▶ [MATERIAL PROVIDED]:
:::

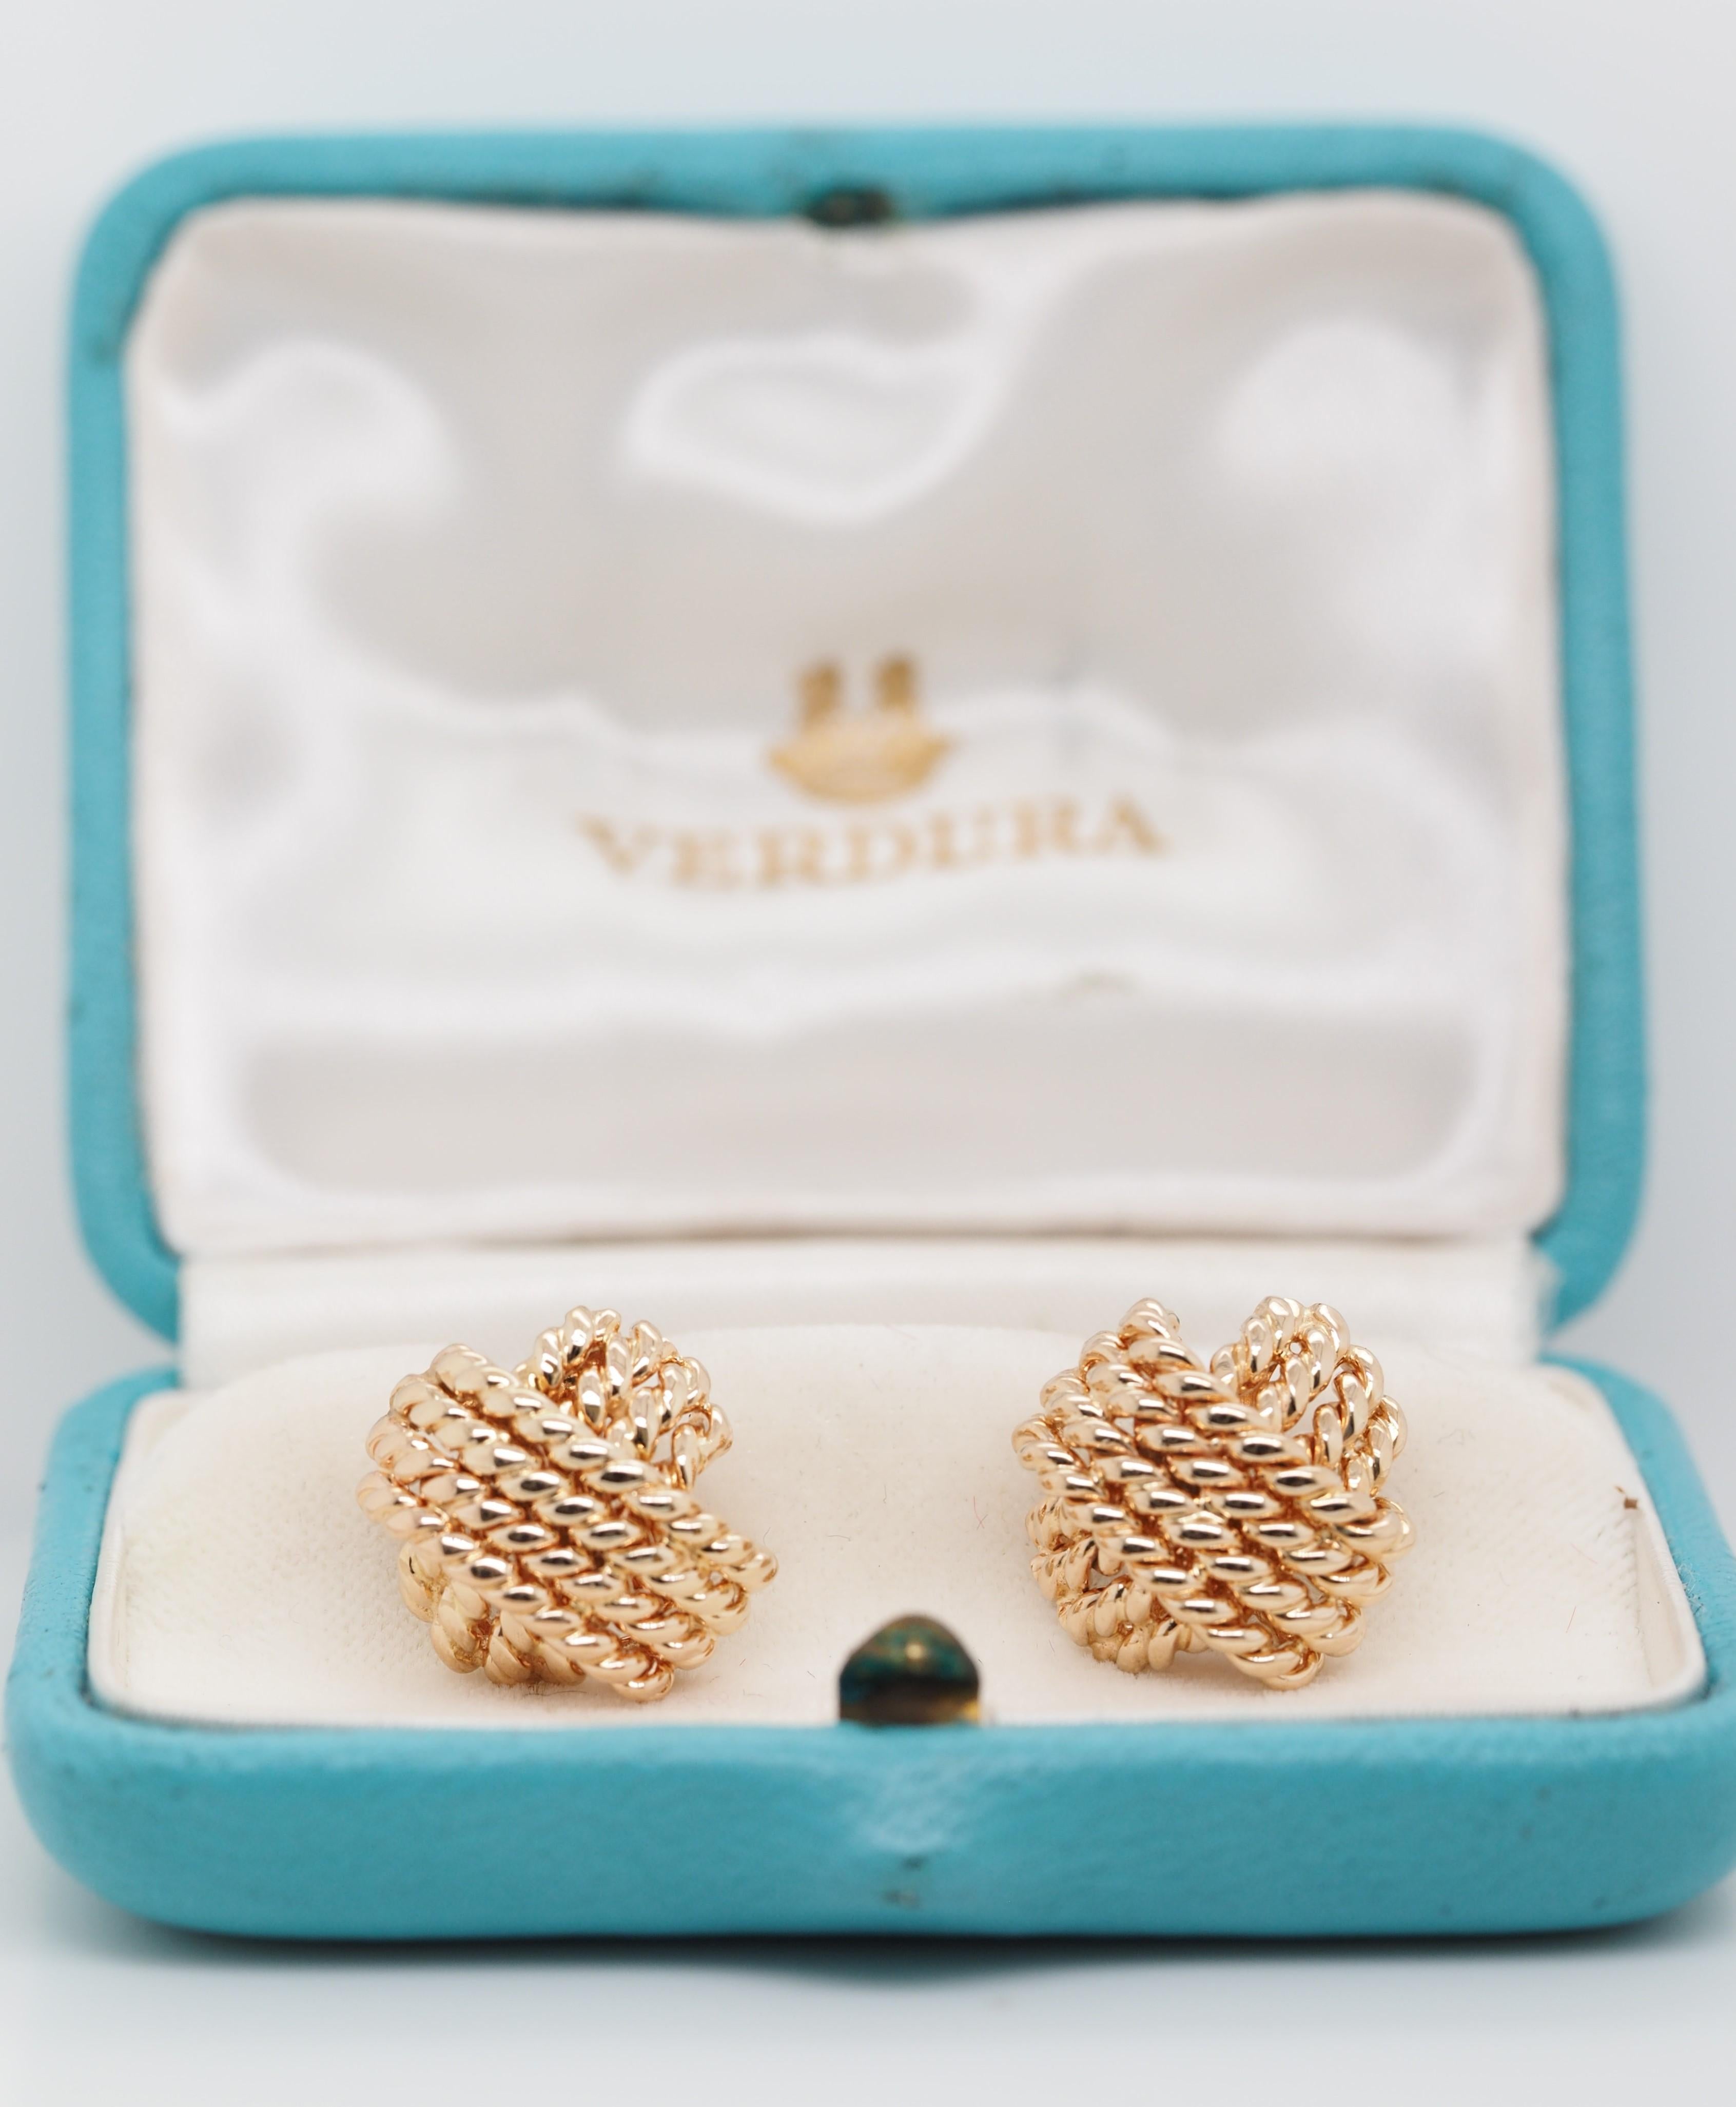 These are cufflinks that are always in style and never go out of style.
 If you want to look and like some style these are perfect.

Metal: 14K Yellow Gold

Hallmarks: 14K VERDURA

Weight: 18 Grams

Size: 17.7 mm x 17.7 mm

Condition: In good
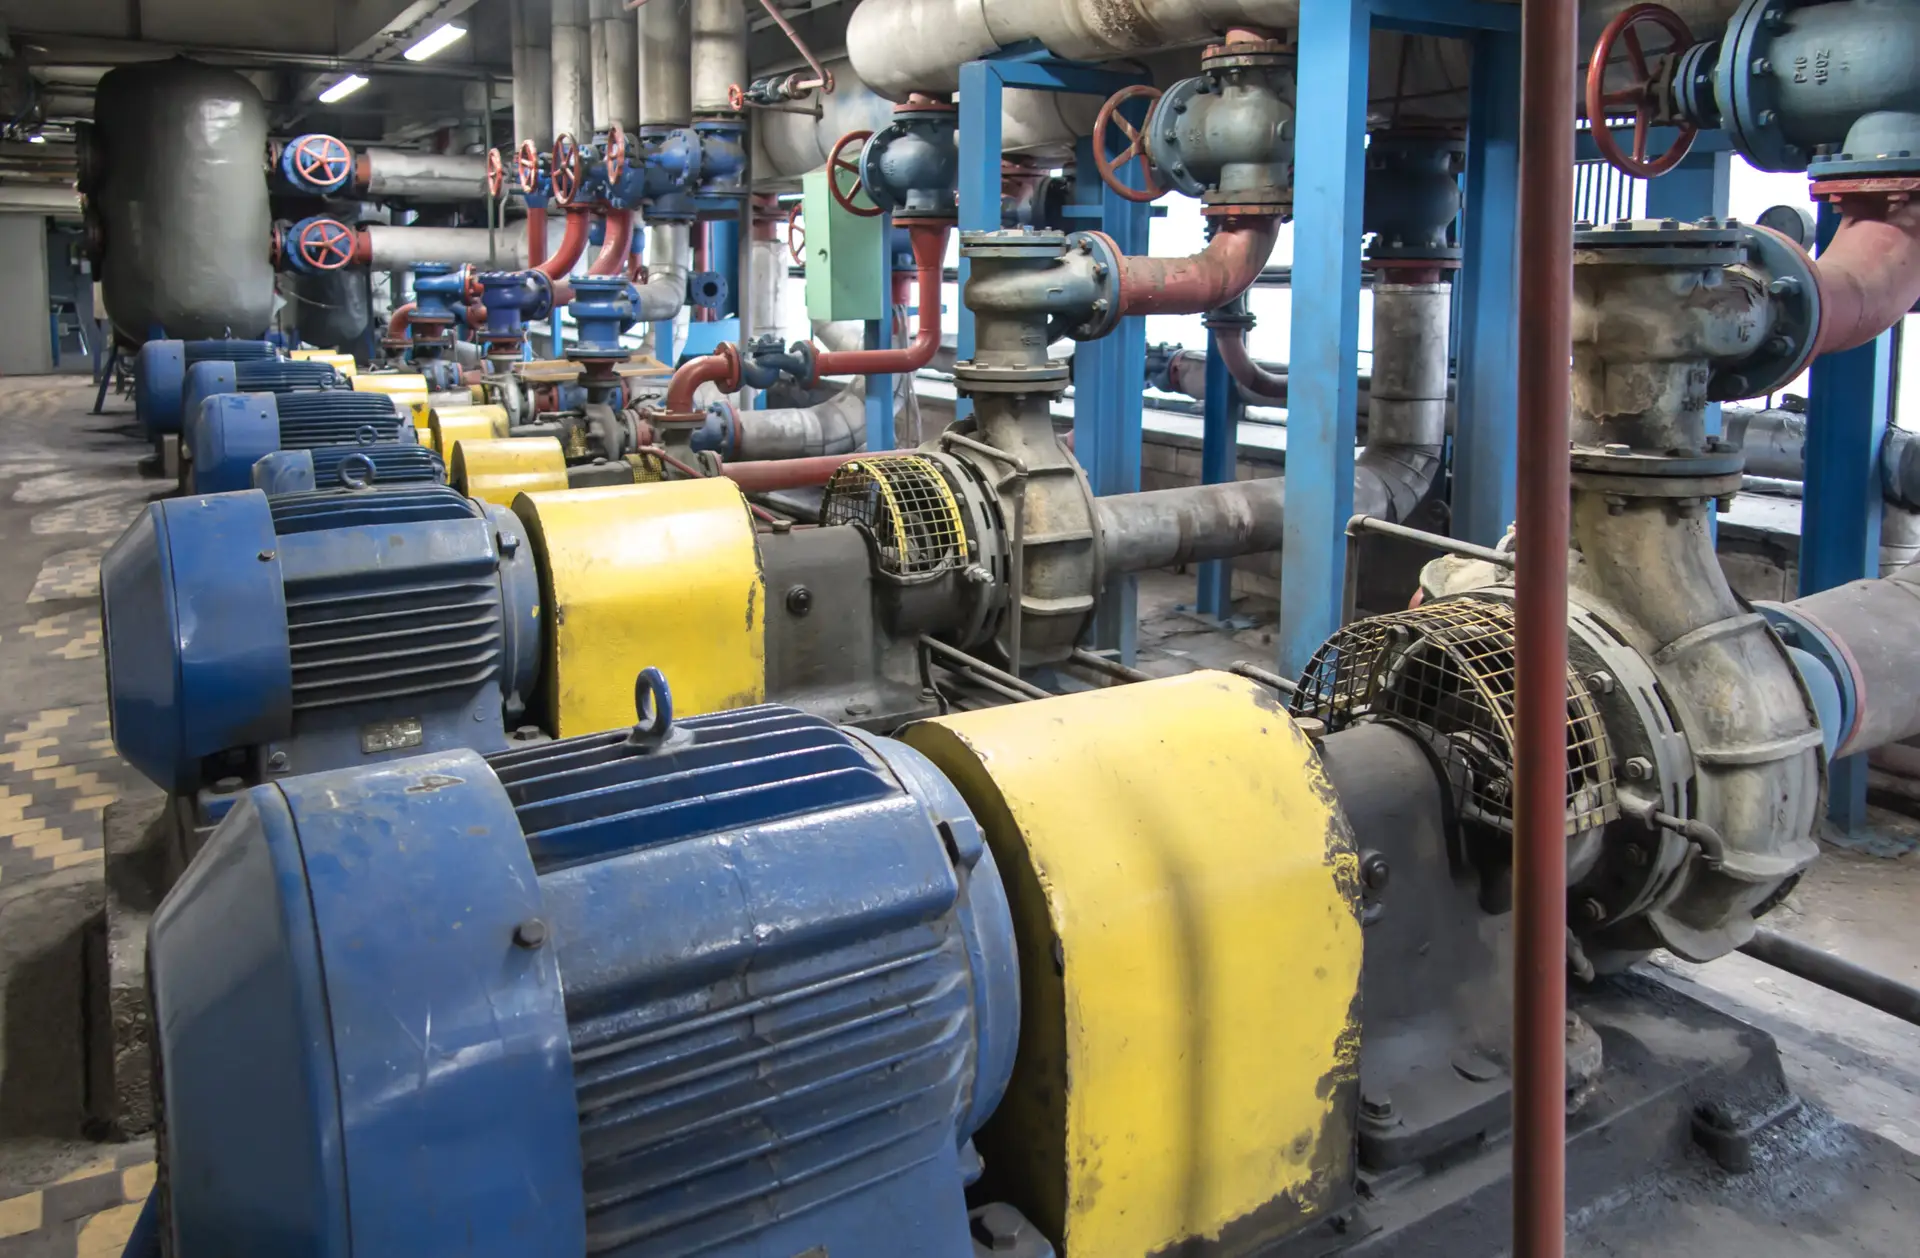 Rotating machines such as pumps installed inside a factory environment

:::

▶ [TASK ITEM]: Retype, exactly and only, the lines from the one containing "Hallmarks: 14K VERDURA" through the end of the entries, both ends included, and omit all pictures.

▶ [TASK RESPONSE]:
Hallmarks: 14K VERDURA

Weight: 18 Grams

Size: 17.7 mm x 17.7 mm

Condition: In good
 Rotating machines such as pumps installed inside a factory environment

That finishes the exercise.